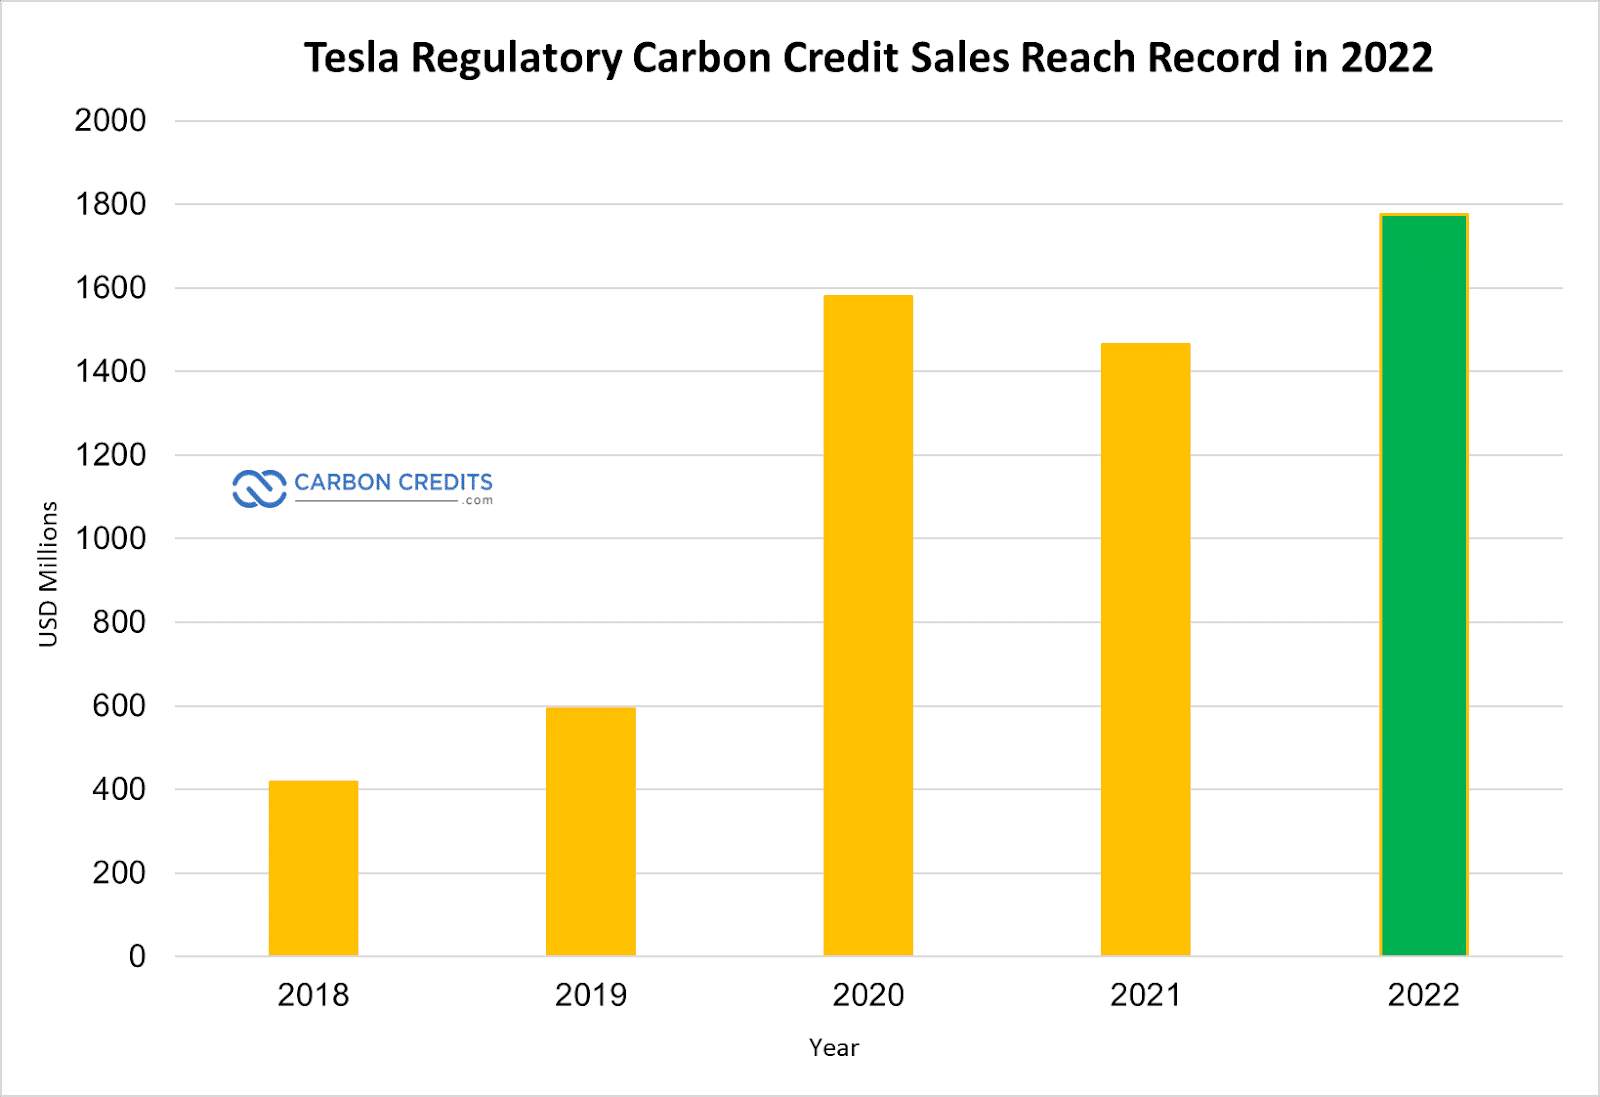 Las ventas de créditos de carbono de Tesla alcanzan un récord de 1.78 millones de dólares en 2022
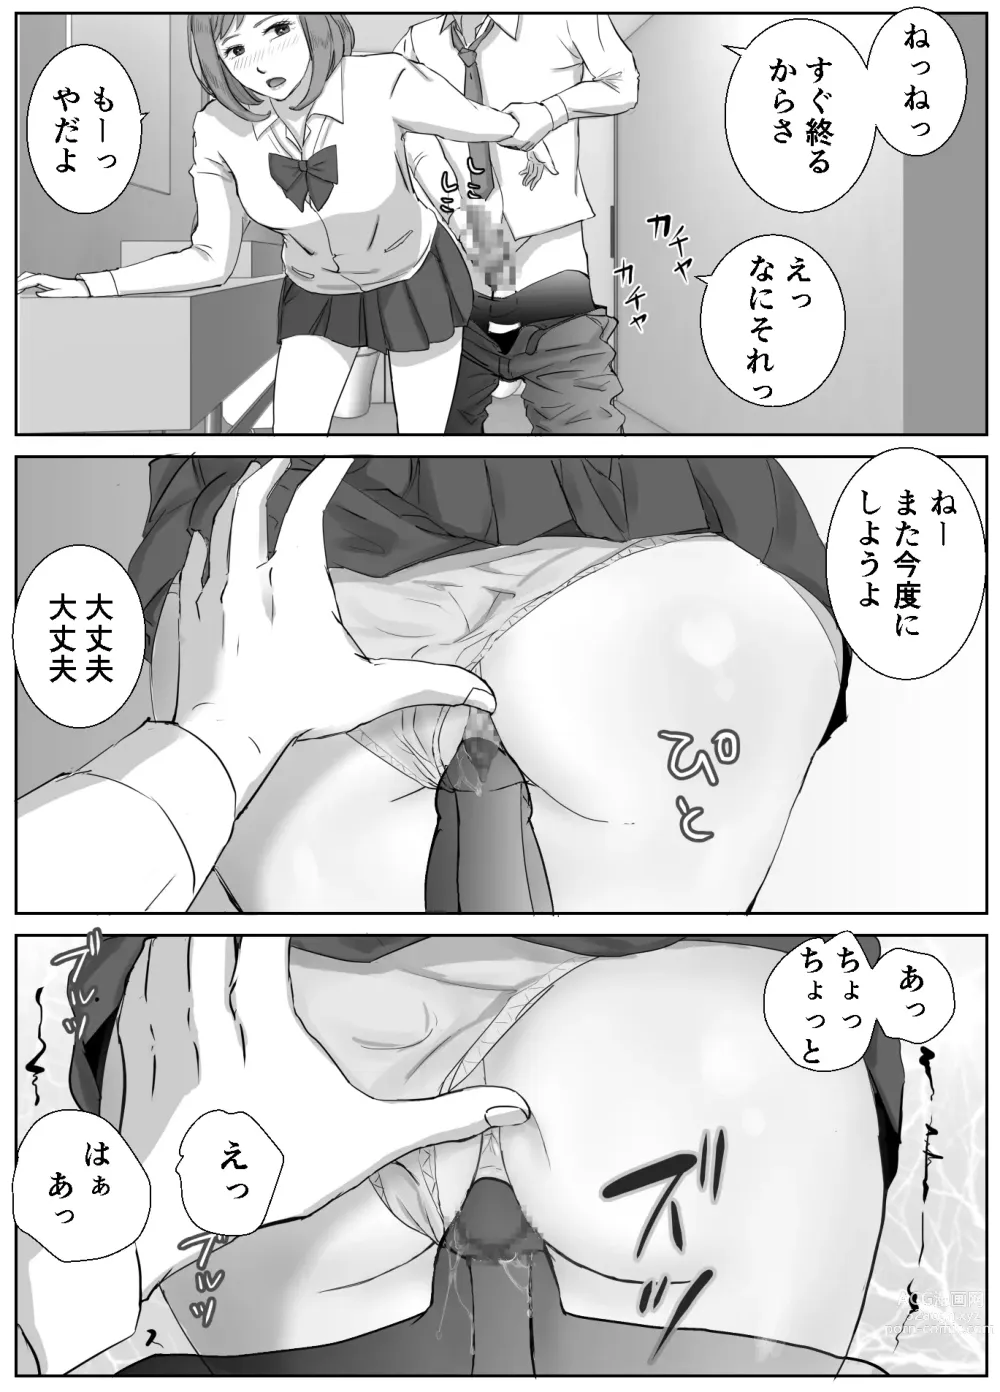 Page 6 of doujinshi Ano Hi no Uso 1
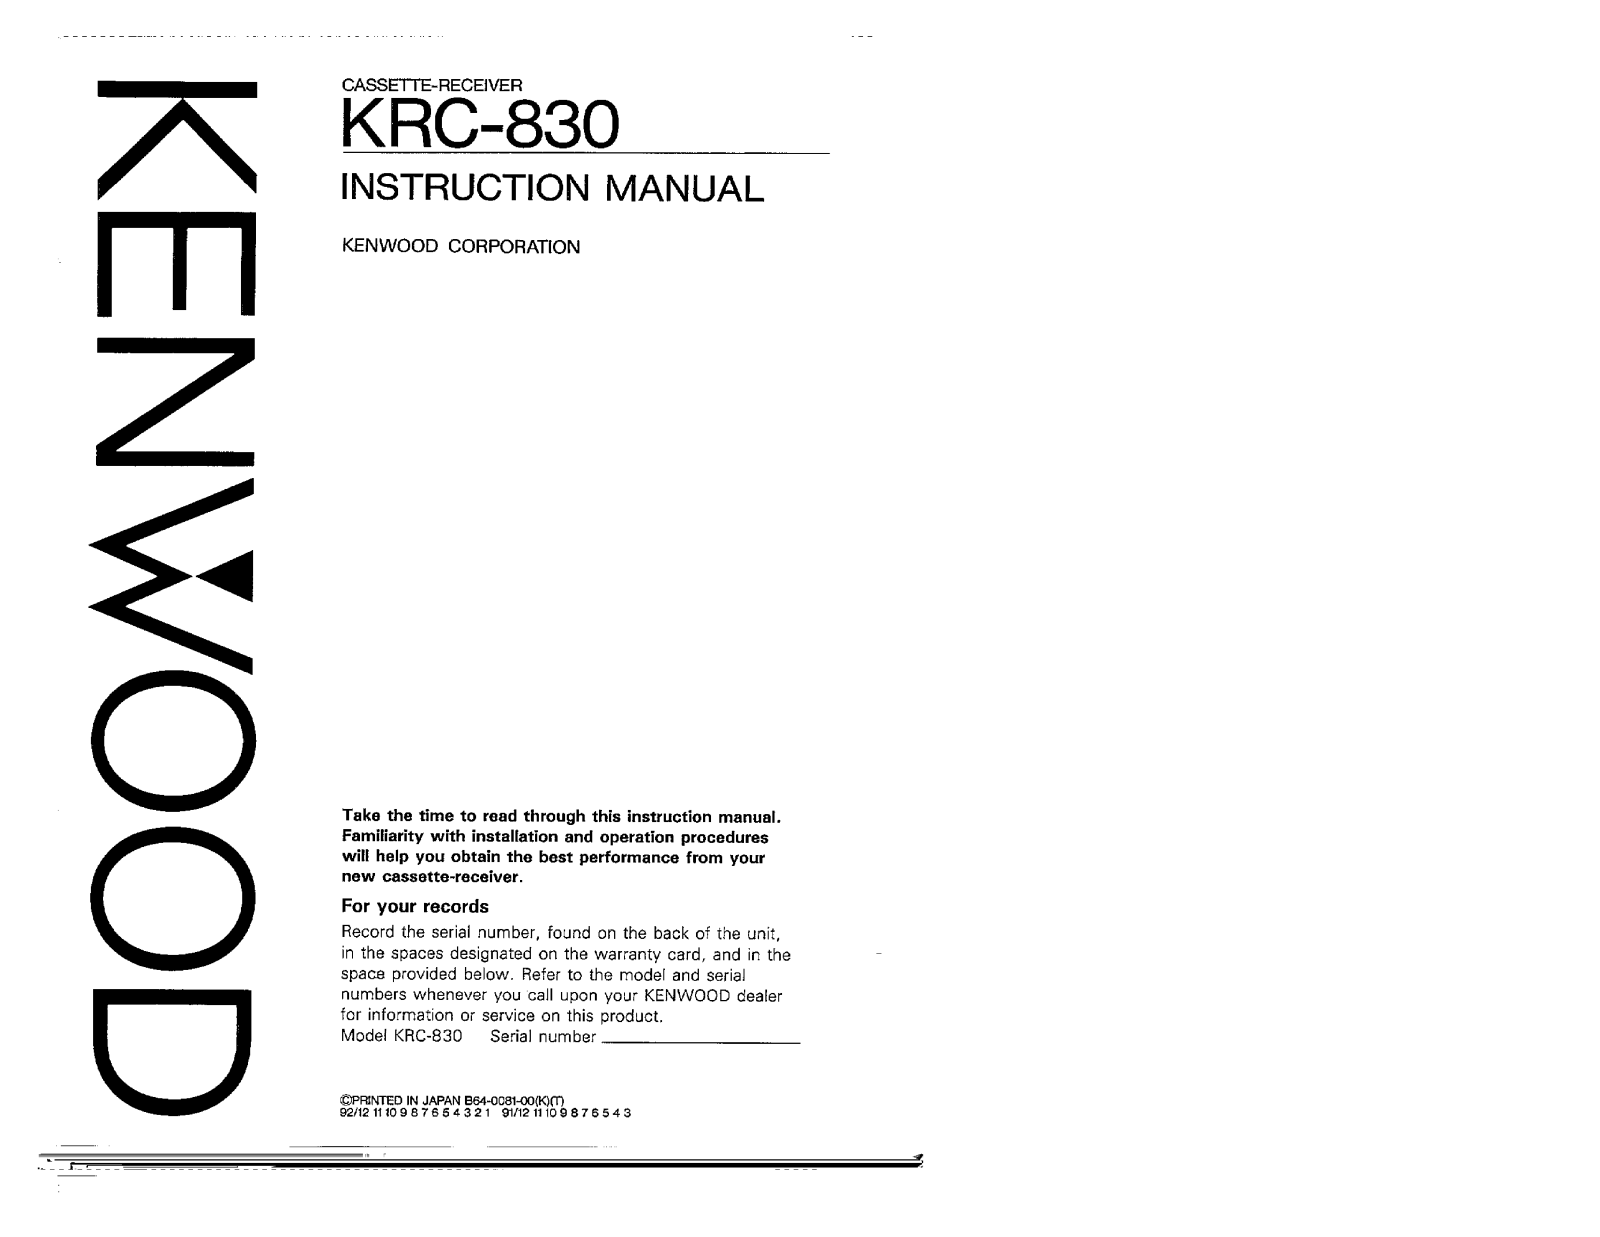 Kenwood KRC-830 Owner's Manual

◇ ◇ ◇

YOUR INSTRUCTIONS: Return exactly the lines running from the line with "Page 6 of doujinshi Ano Hi no Uso 1" through the final line of the listing. Leave the pictures out.

EXERCISE OUTPUT:
 Page 6 of doujinshi Ano Hi no Uso 1
 Kenwood KRC-830 Owner's Manual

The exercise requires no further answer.